Running ./magic-trace attach -pid 2463
, where 2463 is a peculiar process, then pressing Ctrl+C yields a fatal error
[root@fedora]# ./magic-trace attach -pid 2463 -trace-kernel-only
[ Attached. Press Ctrl-C to stop recording. ]
^C[ Got signal, detaching... ]
[ Snapshot taken. ]
(monitor.ml.Error
(Unix.Unix_error "No child process" waitpid
"((mode (WNOHANG)) (pid 21989))")
("Raised at Core_unix.improve in file \"core_unix/src/core_unix.ml\", line 45, characters 4-43"
"Called from Core_unix.wait_gen in file \"core_unix/src/core_unix.ml\", line 923, characters 4-246"
"Called from Core_unix.wait_nohang in file \"core_unix/src/core_unix.ml\" (inlined), line 960, characters 2-46"
"Called from Async_unix__Unix_syscalls.Wait.Kind.waitpid_nohang in file \"src/unix_syscalls.ml\", line 506, characters 16-38"
"Called from Async_unix__Unix_syscalls.Wait.deferred_wait in file \"src/unix_syscalls.ml\" (inlined), line 572, characters 10-39"
"Called from Async_unix__Unix_syscalls.Wait.waitpid in file \"src/unix_syscalls.ml\", line 579, characters 20-51"
"Called from Magic_trace_lib__Perf_tool_backend.Recording.finish_recording in file \"src/perf_tool_backend.ml\", line 257, characters 49-78"
"Called from Magic_trace_lib__Trace.Make_commands.detach.(fun) in file \"src/trace.ml\", line 290, characters 36-80"
"Called from Async_kernel__Deferred0.bind.(fun) in file \"src/deferred0.ml\", line 54, characters 64-69"
"Called from Async_kernel__Job_queue.run_jobs in file \"src/job_queue.ml\", line 167, characters 6-47"
"Caught by monitor Monitor.protect"))
- How can we, magic-trace developers, reproduce the issue you're seeing?
In my case, I am trying to trace pid=2463 which happens to be the top-level (X11) Xorg process of a Linux deskop environment with sddm
being the session manager, i.e.
root 2459 1 0 19:07 ? 00:00:00 /usr/bin/sddm
root 2463 2459 28 19:07 tty2 01:14:26 \_ /usr/libexec/Xorg -nolisten tcp -logverbose 9999 -background none -seat seat0 vt2 -auth /var/run/sddm/c59a1b0d-29ae-4e06-930c-60e4e8f080e4 -noreset -displayfd 15
root 2561 2459 0 19:07 ? 00:00:00 \_ /usr/libexec/sddm-helper --socket /tmp/sddm-authf4e93b32-d111-4352-a2fe-2cd98952d78d --id 1 --start /usr/bin/startplasma-x11 --user stefan
me 2595 2561 0 19:07 ? 00:00:00 \_ /usr/bin/startplasma-x11
me 2803 2595 0 19:07 ? 00:00:00 \_ /usr/bin/ssh-agent /bin/sh -c exec -l /bin/bash -c "/usr/bin/startplasma-x11"

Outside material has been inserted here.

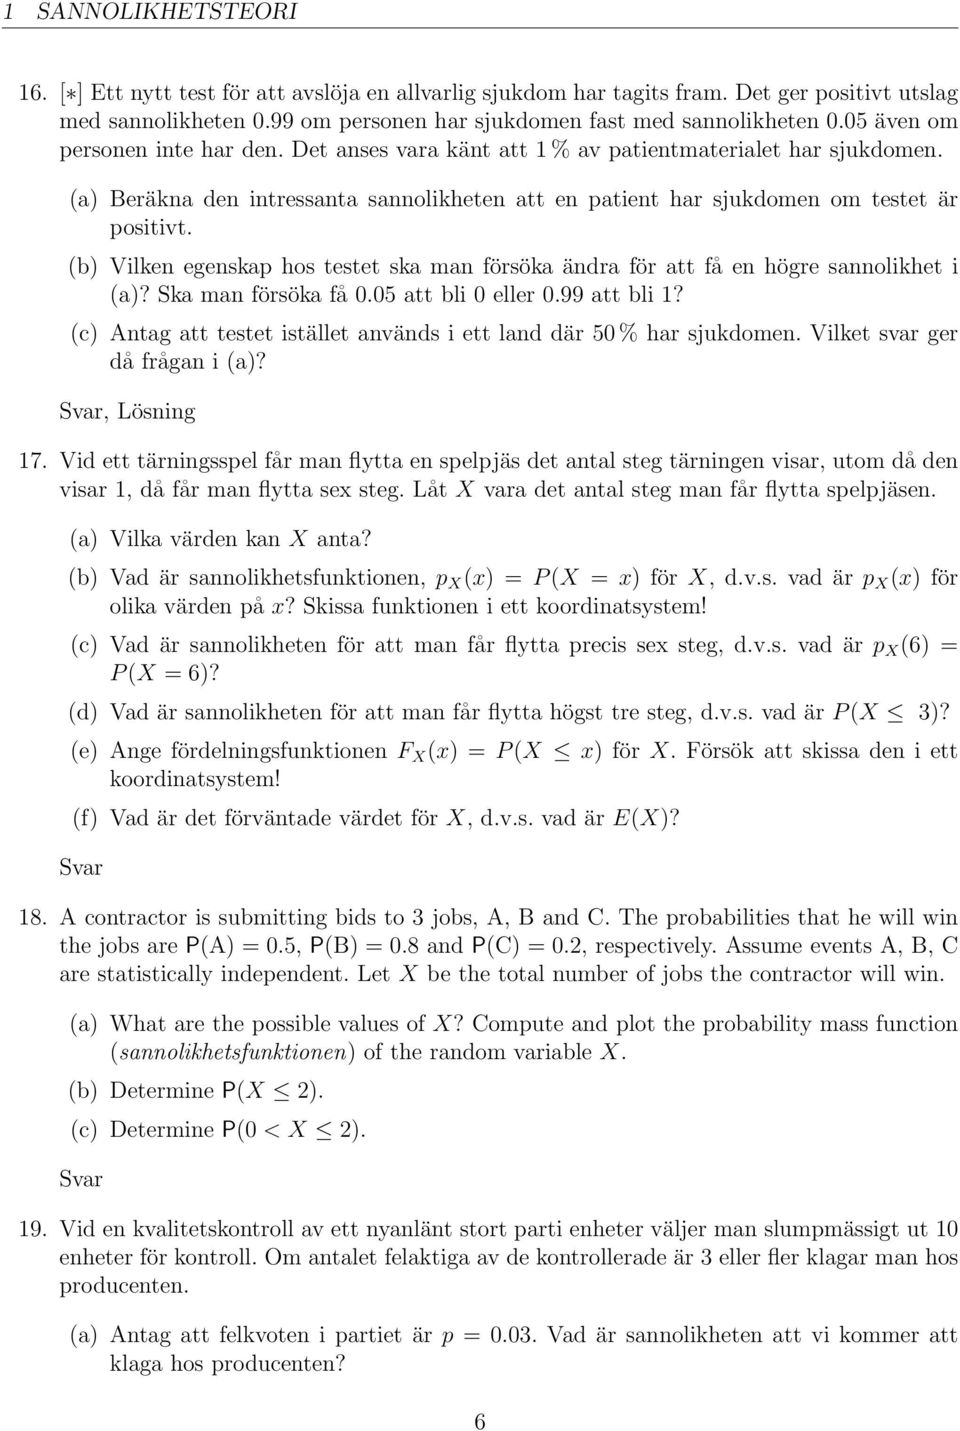 (b) Vilken egenskap hos testet ska man försöka ändra för att få en högre sannolikhet i (a)? Ska man försöka få 0.05 att bli 0 eller 0.99 att bli 1?

- What version of perf userspace tools are you running?
perf --version
perf version 5.17.6
FWIW, ./magic-trace version
straight off github:
((build_time(1970-01-01 01:00:00.000000+01:00))(x_library_inlining false)(portable_int63 true)(dynlinkable_code false)(ocaml_version"")(executable_path"")(build_system""))
v1.0.2
- What CPU do you have?
cat /proc/cpuinfo
11th Gen Intel(R) Core(TM) i7-11800H @ 2.30GHz
(That's an 8 core mobile CPU, Tiger Lake)
I am really trying to to trace that very process in order to discover more about its (IMHO) abnormal (and unwanted) CPU usage. My hope would be that this yields some tell-tale symbols on the stack, to continue my investigation.
Alas, ... dead.
It seems as if there are two issues at hand: the root cause of my problems seems to be perf doing a SIGSEGV stunt.
The defect in magic-trace is that it (most probably) is not robust against perf
dying, hence the (by far too late) trigger on the monitor waiting for a perf
process which is already dead.
I'll try to get a handle on why perf
dies.
Sun 2022-05-22 23:09:00 CEST 21753 0 0 SIGSEGV present /usr/bin/perf 700.3K
Sun 2022-05-22 23:10:49 CEST 21914 0 0 SIGSEGV present /usr/bin/perf 699.6K
Sun 2022-05-22 23:12:06 CEST 21989 0 0 SIGSEGV present /usr/bin/perf 701.7K
FWIW, the problem in my perf
is https://lore.kernel.org/linux-perf-users/f0add43b-3de5-20c5-22c4-70aff4af959f@scylladb.com/
Essentially this is Fedora 36 build strategy and the kernel tools implementation causing an infinite recursion inside perf.
Still, making magic-trace more robust against failure of perf
would be nice. :)
And torvalds/linux@0ae065a seems to fix that just in time for upstream kernel 5.18.
Thanks for this report, it was a fun read. I agree that we should have a better message if perf dies unexpectedly, I'll look into it.